▸ **WORK ORDER**
Once you find the line below that has "Milletvekili Taytak, Afyonkarahisar’ın", output it and every line after it exactly, stopping after the line that has "Anglerfisch Antenne. tolle", with no pictures.

▸ **LISTED ENTRIES**
--- START ---

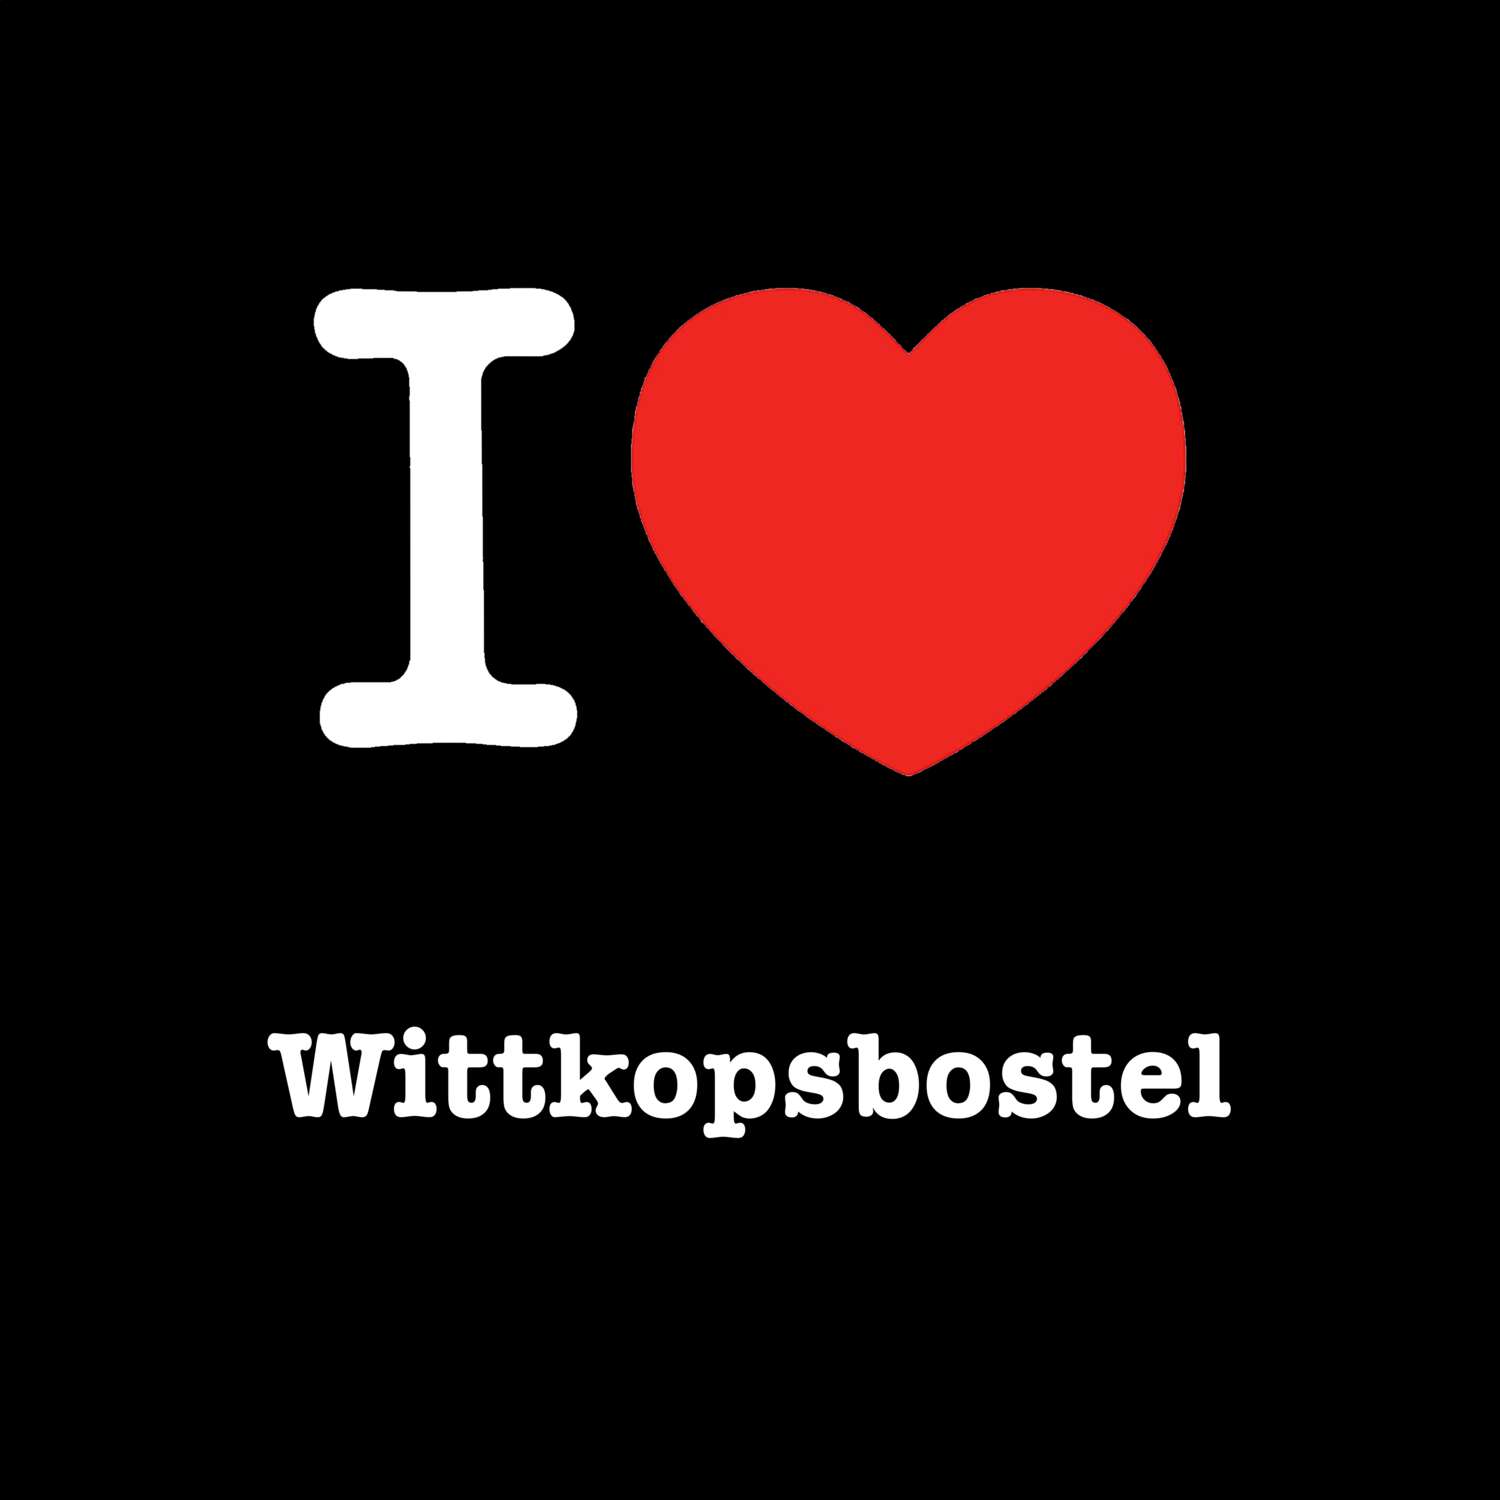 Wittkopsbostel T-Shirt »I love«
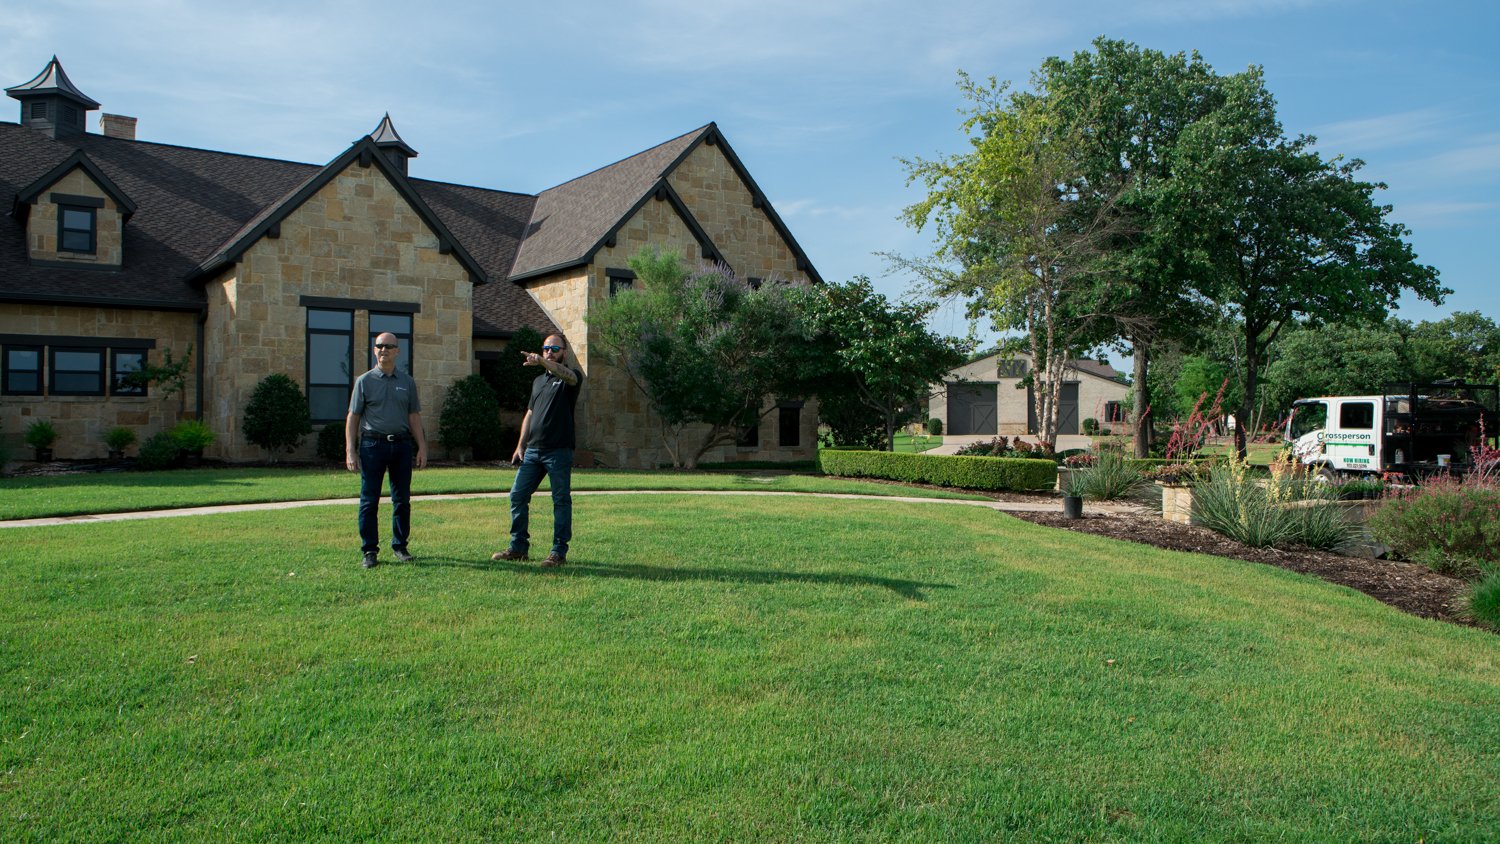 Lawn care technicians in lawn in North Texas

--- END ---
--- START ---

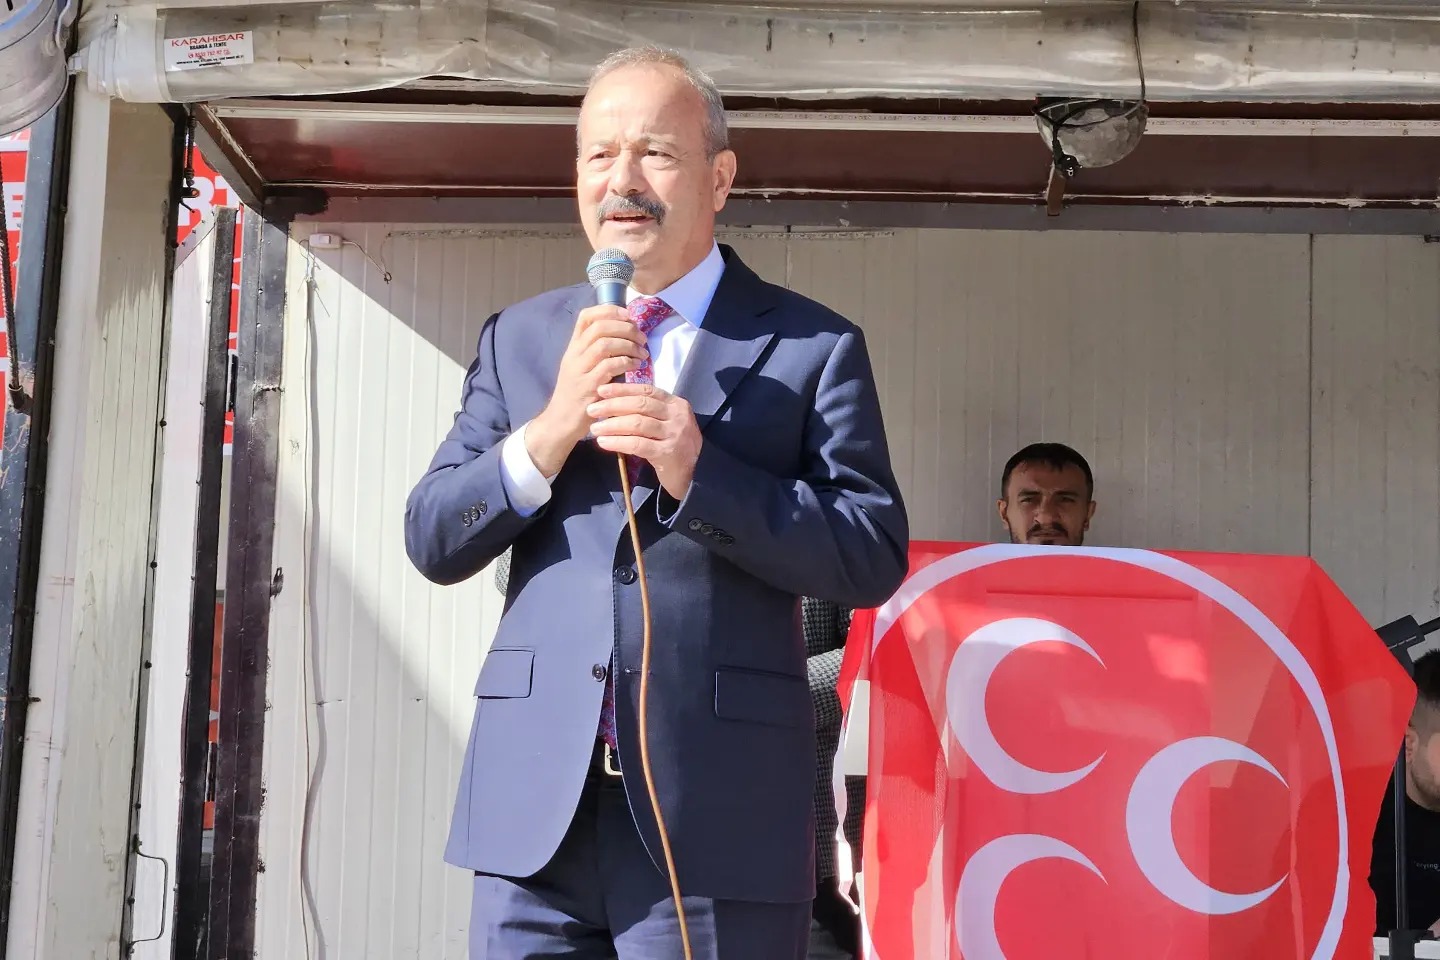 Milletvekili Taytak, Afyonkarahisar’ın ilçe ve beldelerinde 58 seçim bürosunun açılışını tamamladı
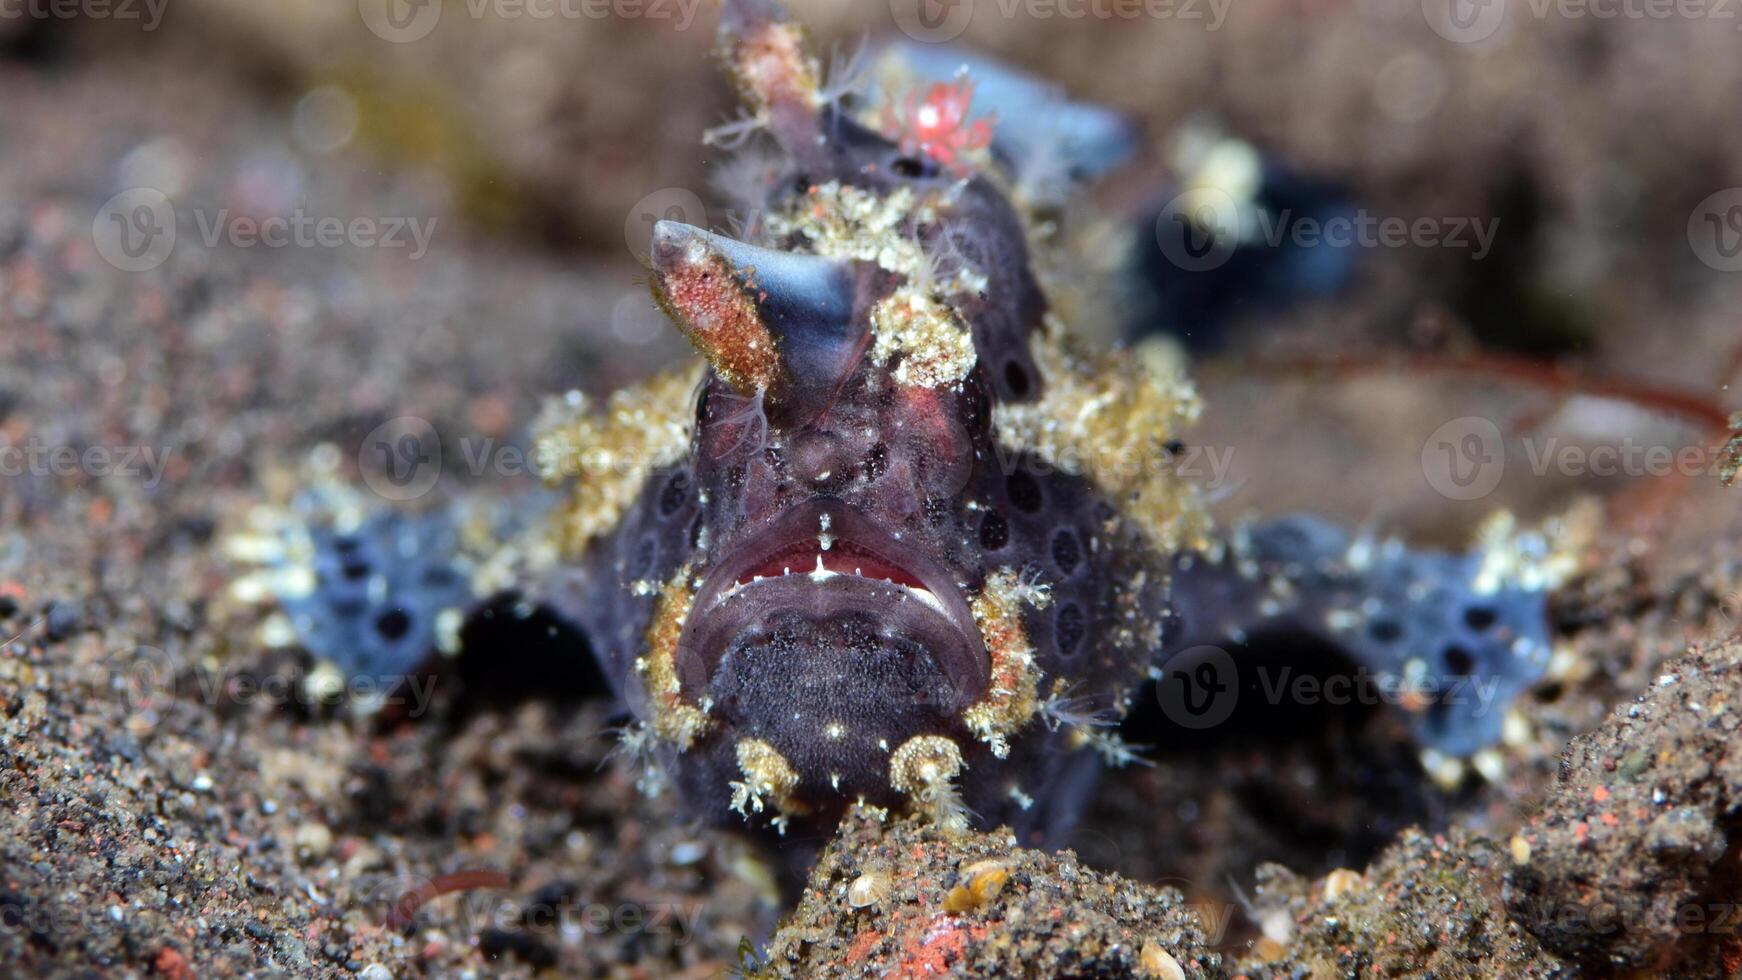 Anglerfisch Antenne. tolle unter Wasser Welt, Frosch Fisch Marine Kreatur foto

--- END ---

▸ **ANSWER TO THIS TASK**
 Milletvekili Taytak, Afyonkarahisar’ın ilçe ve beldelerinde 58 seçim bürosunun açılışını tamamladı
 Anglerfisch Antenne. tolle unter Wasser Welt, Frosch Fisch Marine Kreatur foto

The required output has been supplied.